Detection of early recurrence with 18F-FDG PET in patients with cervical cancer

Abstract

This study investigated the feasibility of PET with (18)F-FDG to evaluate retrospectively early recurrence in patients with cervical cancer.

Methods: From September 1997 to March 2000, 249 patients with no evidence of cervical cancer after treatment were investigated with (18)F-FDG PET. (18)F-FDG PET scanning, beginning 50 min after injection of 370-555 MBq (18)F-FDG, was performed. (18)F-FDG uptake other than physiologic uptake was evaluated with the standardized uptake value and was analyzed by 2 observers who were unaware of CT or MRI data. CT or MRI and needle biopsies were performed to evaluate the positive lesions on (18)F-FDG PET, and all patients were monitored closely for 6 mo for recurrence.

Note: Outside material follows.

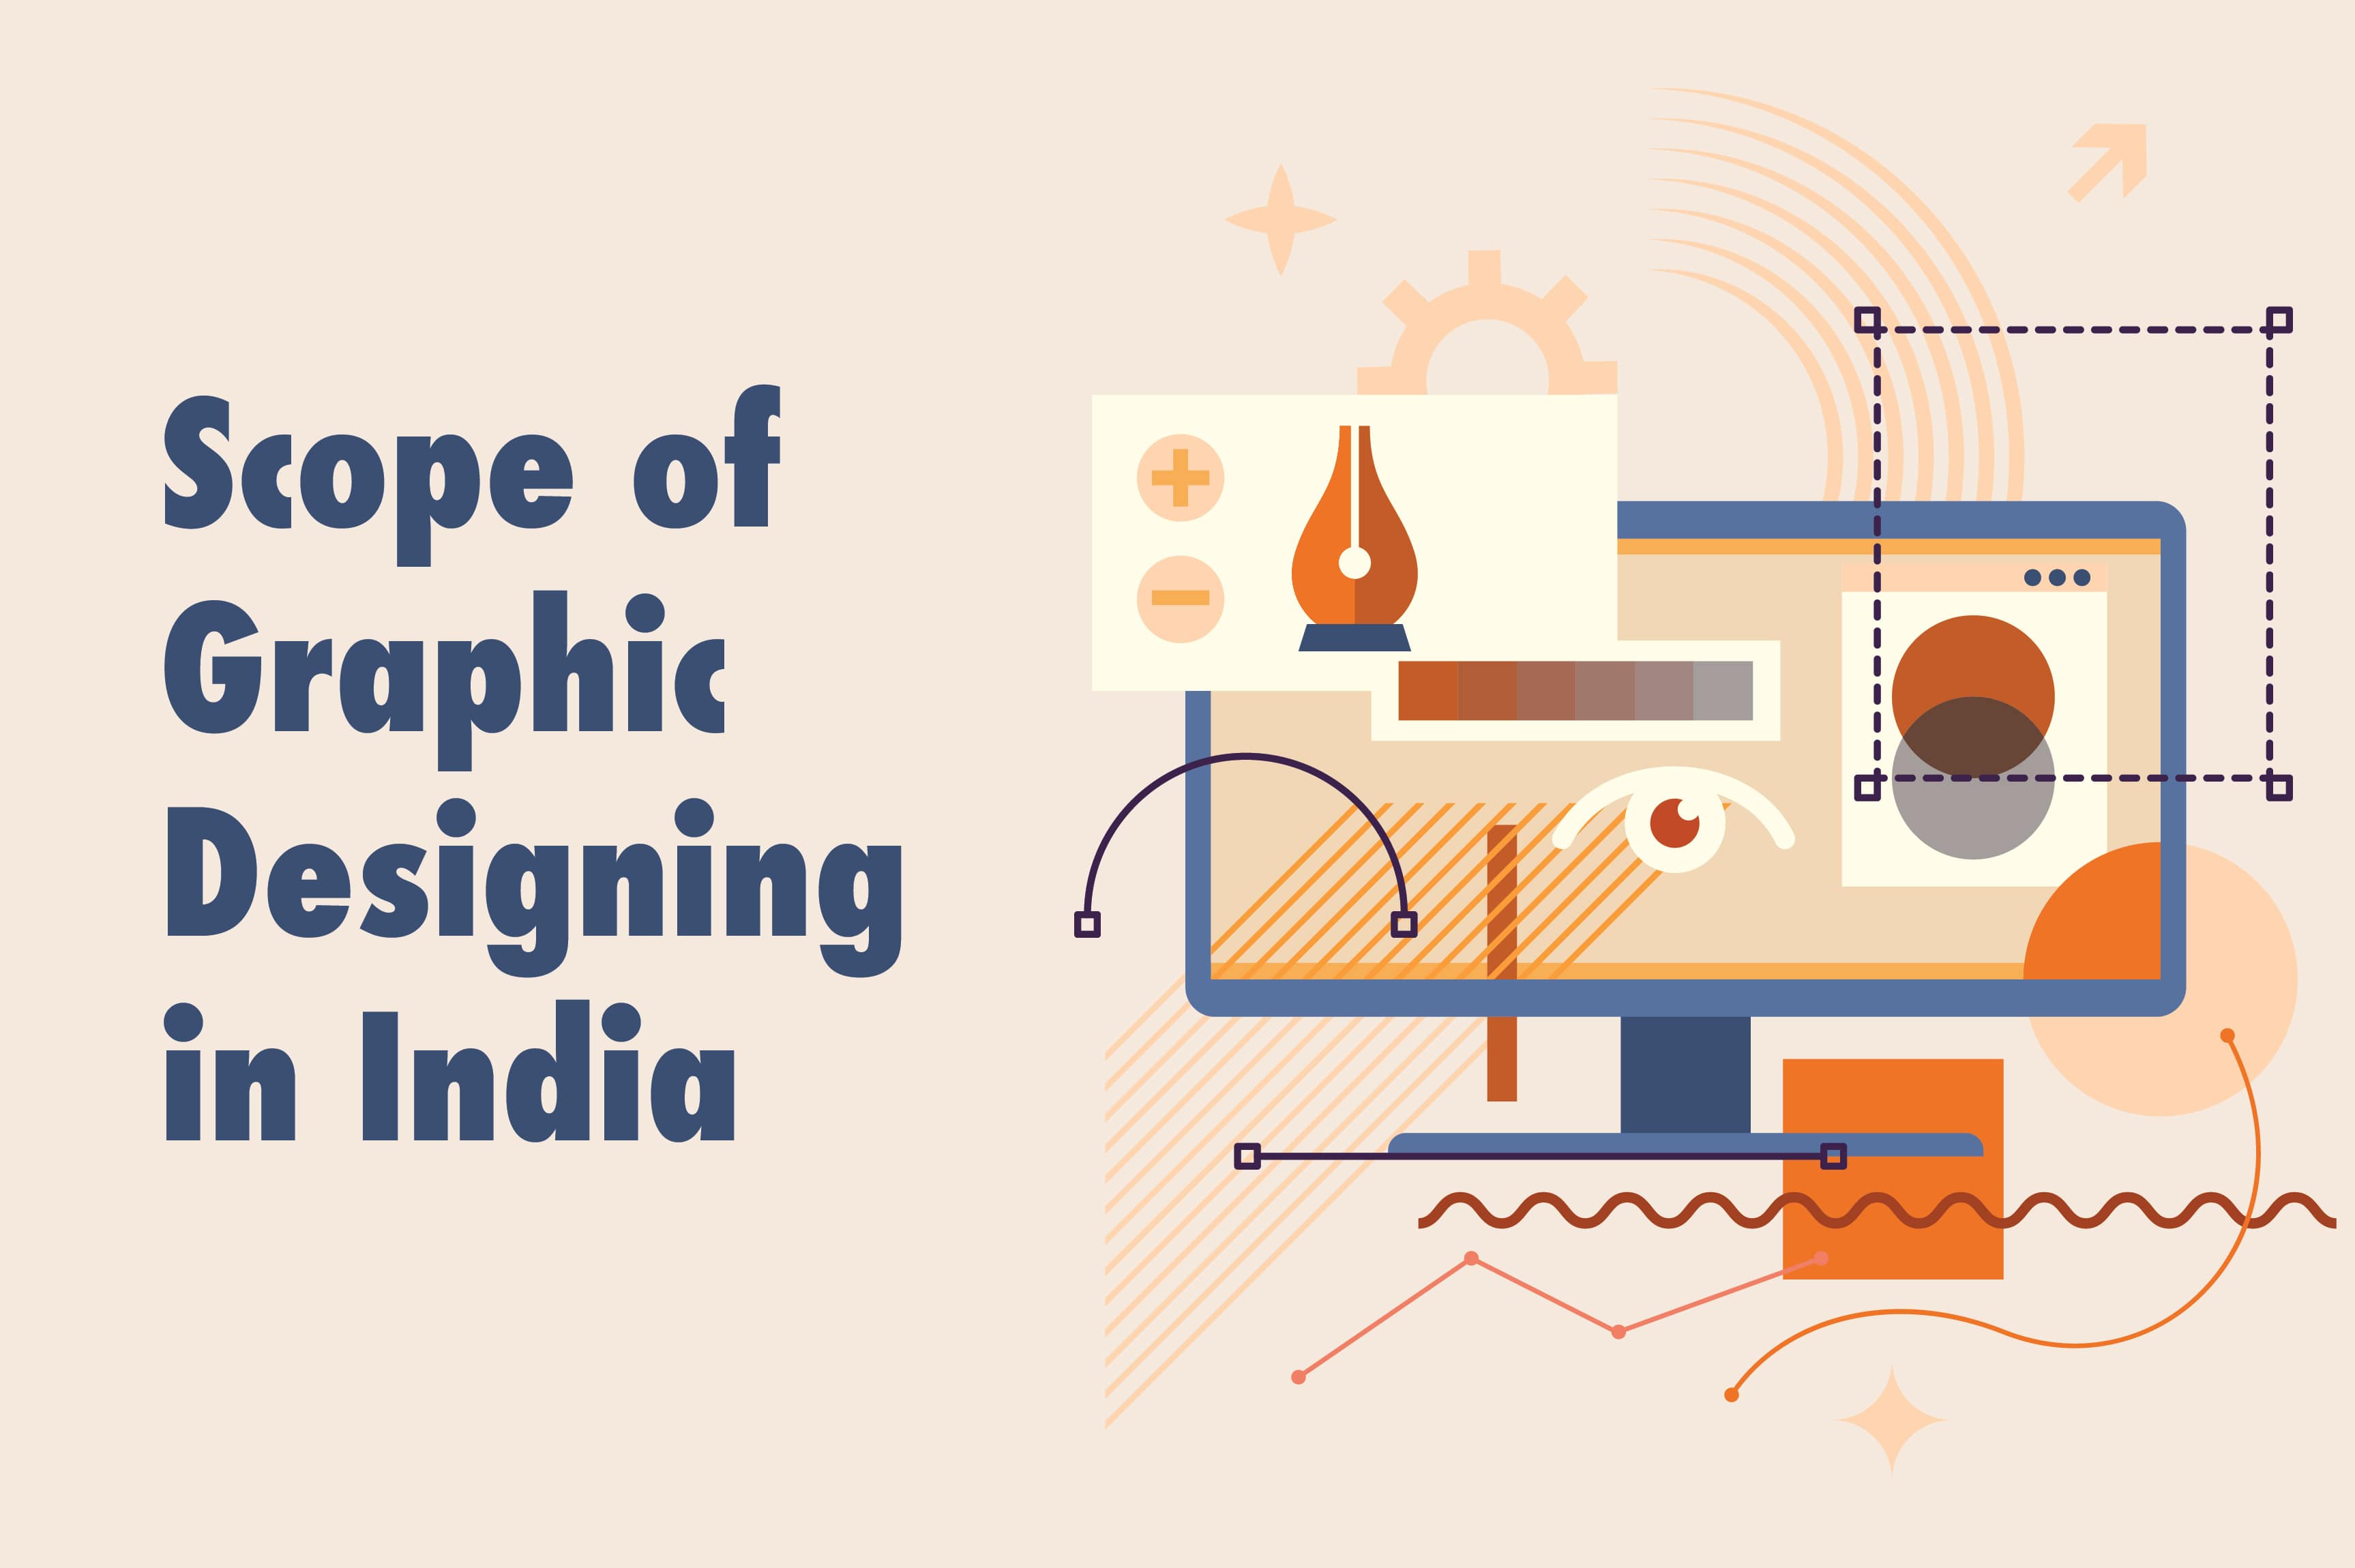 scope of graphic designing in India

Results: Of the 249 patients, 80 patients (32.1%) showed positive lesions with (18)F-FDG PET, and 28 patients (11.2%) were clinically or histologically confirmed as having recurrences. Eighty-two percent of recurrence was detected within 6-18 mo after diagnosis, and 89% of recurrence occurred in Fédération Internationale de Gynécologie et d'Obstétrique (FIGO) stage IIb and stage III patients. The sensitivity and specificity of (18)F-FDG PET for detection of early recurrence were 90.3% and 76.1%, respectively. The sensitivity of (18)F-FDG PET was high in mediastinal, hilar, and scalene lymph nodes, spine, and liver; however, the sensitivity was relatively low in lung, retrovesical lymph nodes, and paraaortic lymph nodes. Three false-negative cases were detected in lung, retrovesical lymph nodes, and paraaortic lymph nodes.

Conclusion: (18)F-FDG PET was effective in detecting early recurrences in cervical cancer patients with no evidence of disease. (18)F-FDG PET may be a useful follow-up method for cervical cancer, thereby providing the patients with early opportunities for sophisticated treatments.